Tooth grinding is one of those things that we tend to recognize in others, but not in ourselves. In fact, many people are completely unaware that they may grind or clench their teeth, both in the waking hours and when we are asleep. According to the American Sleep Association, surveys indicate that about 15 percent of all children in the United States grind their teeth while asleep; about 10% of adults do too. Tooth grinding may not seem like a big deal, but the truth is that such practices can create severe damage to our teeth over time.

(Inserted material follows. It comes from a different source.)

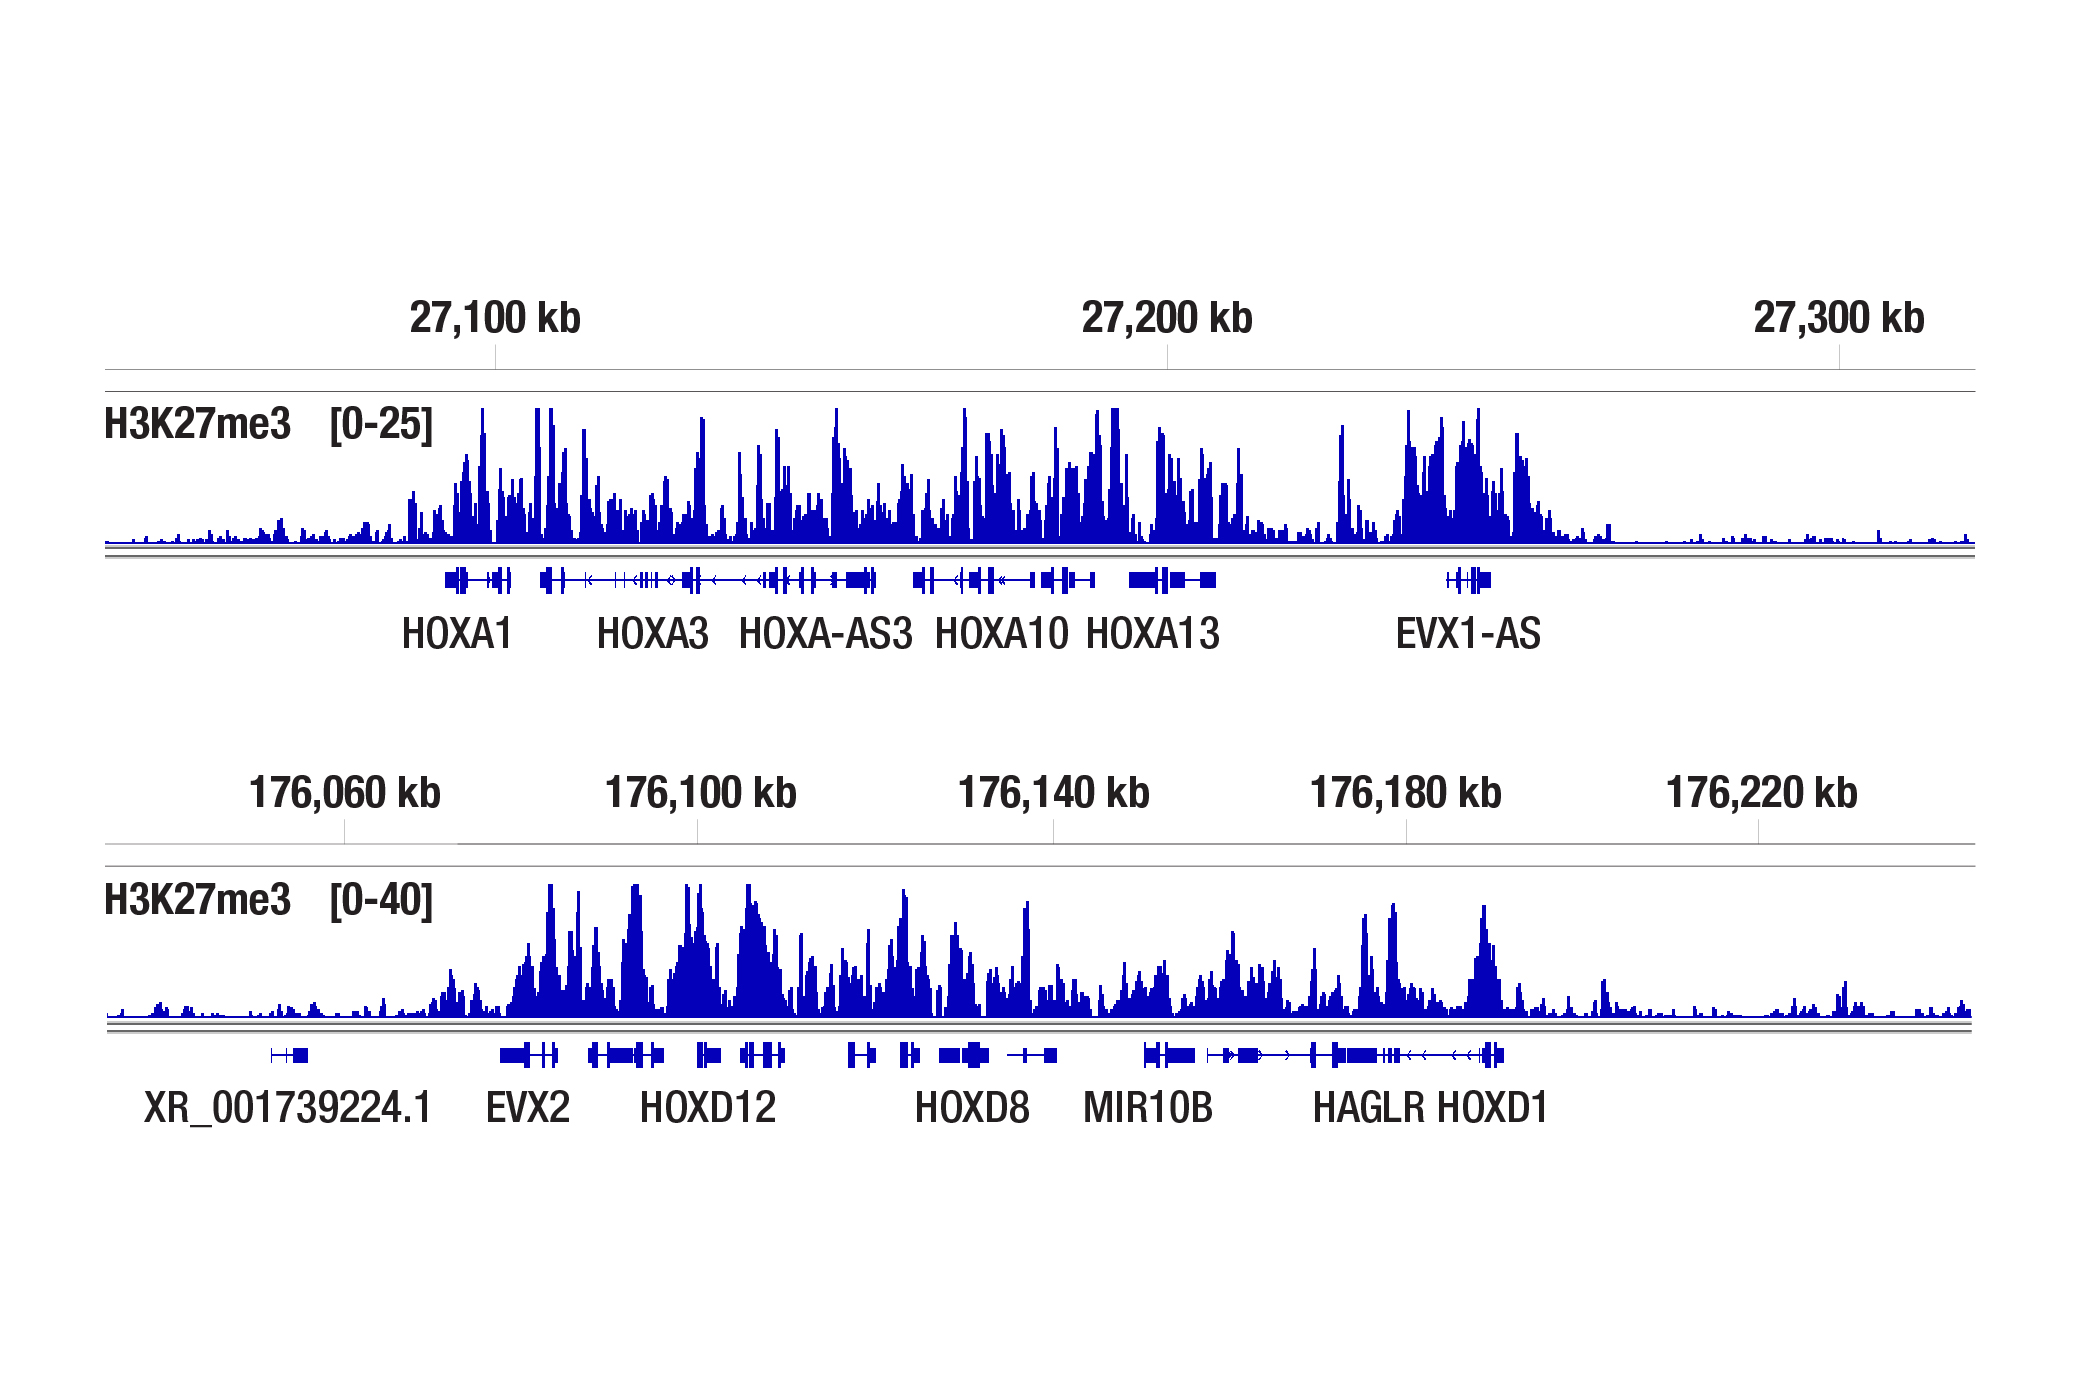 Does the CUT&Tag assay show a bias toward euchromatin or heterochromatin? (H3K27me3)

In this article, we’ll talk about the phenomenon of tooth grinding and provide tips on what people can do to manage this potentially damaging situation.
What is Tooth Grinding?
Tooth grinding and chronic clenching of the jaw, called bruxism by dentists, is a habit that plagues thousands of adults and children in the U.S. It is unclear what the specific cause of bruxism is, and in fact may be the result of several factors like stress, misalignment of the teeth and jaws, anxiety, or disturbances during the sleep cycle.
Left unaddressed, bruxism can lead to severe oral problems, including:
- Chipped or broken teeth
- Worn enamel, the protective layer that covers our teeth
- An increase in the chance of dental cavities due to worn or broken areas of the teeth that may allow bacteria to penetrate below the surface
- Pain in the jaw muscles and connective tissues of the face
- Joint disorders, particularly in the temporomandibular joint (TMJ) that connects the lower jaw to the skull
- Loss of mobility of the jaw, including a condition where the jaw locks in an open or closed position
Family dentists can identify the condition and recommend treatment steps, but severe cases may need the assistance of a specialized dental professional with training in TMJ disorders.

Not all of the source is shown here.